Britain tests first Nuclear Bomb
The 2nd of October 1952 AD
At midnight GMT on October 2 1952 (8:00 October 3 in Australia), in a lagoon in the uninhabited Monte Bello Islands off Australia’s North West Coast, Britain detonated a 25 kiloton plutonium implosion device (with fuel from Sellafield and Canada). A crater 300m in diameter was left in the sea bed. Britain had become the third country in the exclusive nuclear power club, whose only other members until that moment had been the USA and USSR.
The event, code named Operation Hurricane, had been seven years in the making, since Clement Attlee in 1945 set up a cabinet committee to explore how we could develop our own A-bomb.

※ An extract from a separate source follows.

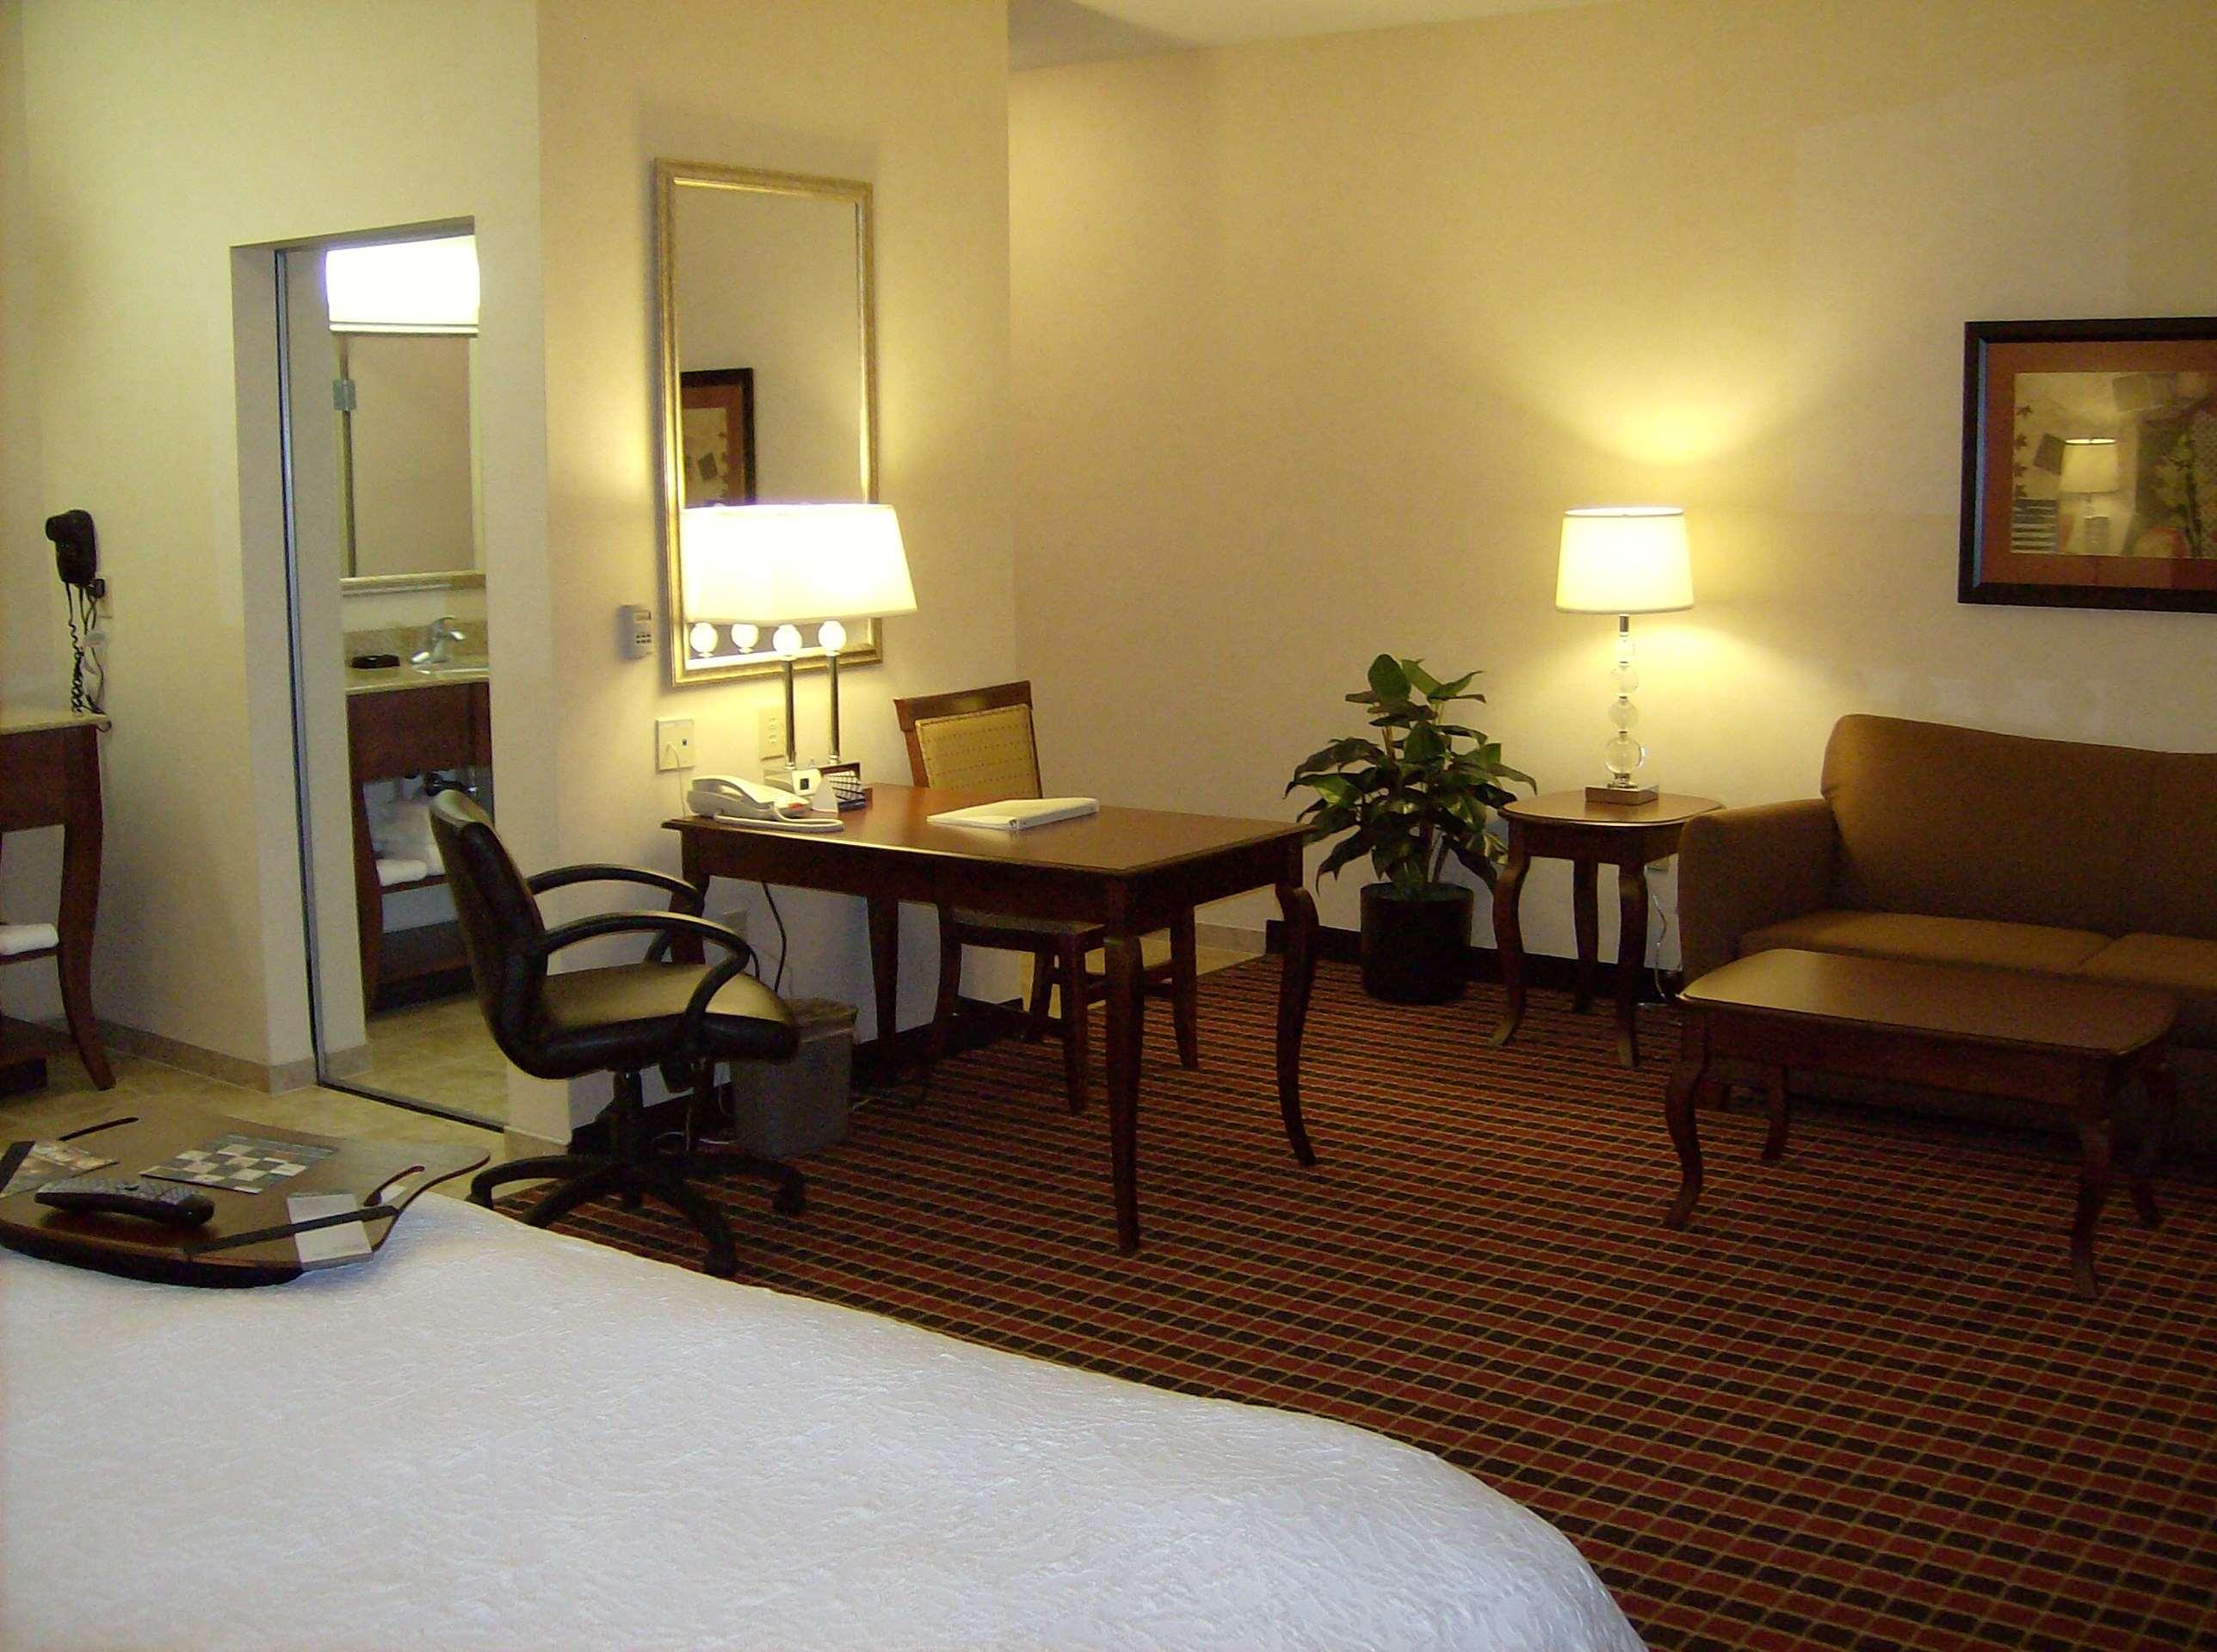 Hampton Inn & Suites Dayton-Airport image 33

Arguably the development was significantly longer, some 50 British scientists having worked on the Manhattan Project, and even before that on Tube Alloys, the strange name given to Britain’s own WWII project before resources were pooled in America - Dr William Penney who headed the post-war British scientific effort had worked in Los Alamos.
Somewhat unusually, because of a British preoccupation with the danger of a ship-delivered bomb, instead of being air-dropped the Monte Bello weapon was detonated a few metres beneath the waterline of a disused frigate, HMS Plym.
The explosion was a demonstration of British will not just to potential enemies such as the USSR, but also to the USA, which had refused to share the spoils of our joint nuclear enterprise gained during WWII. It was in effect an act of independence and defiance.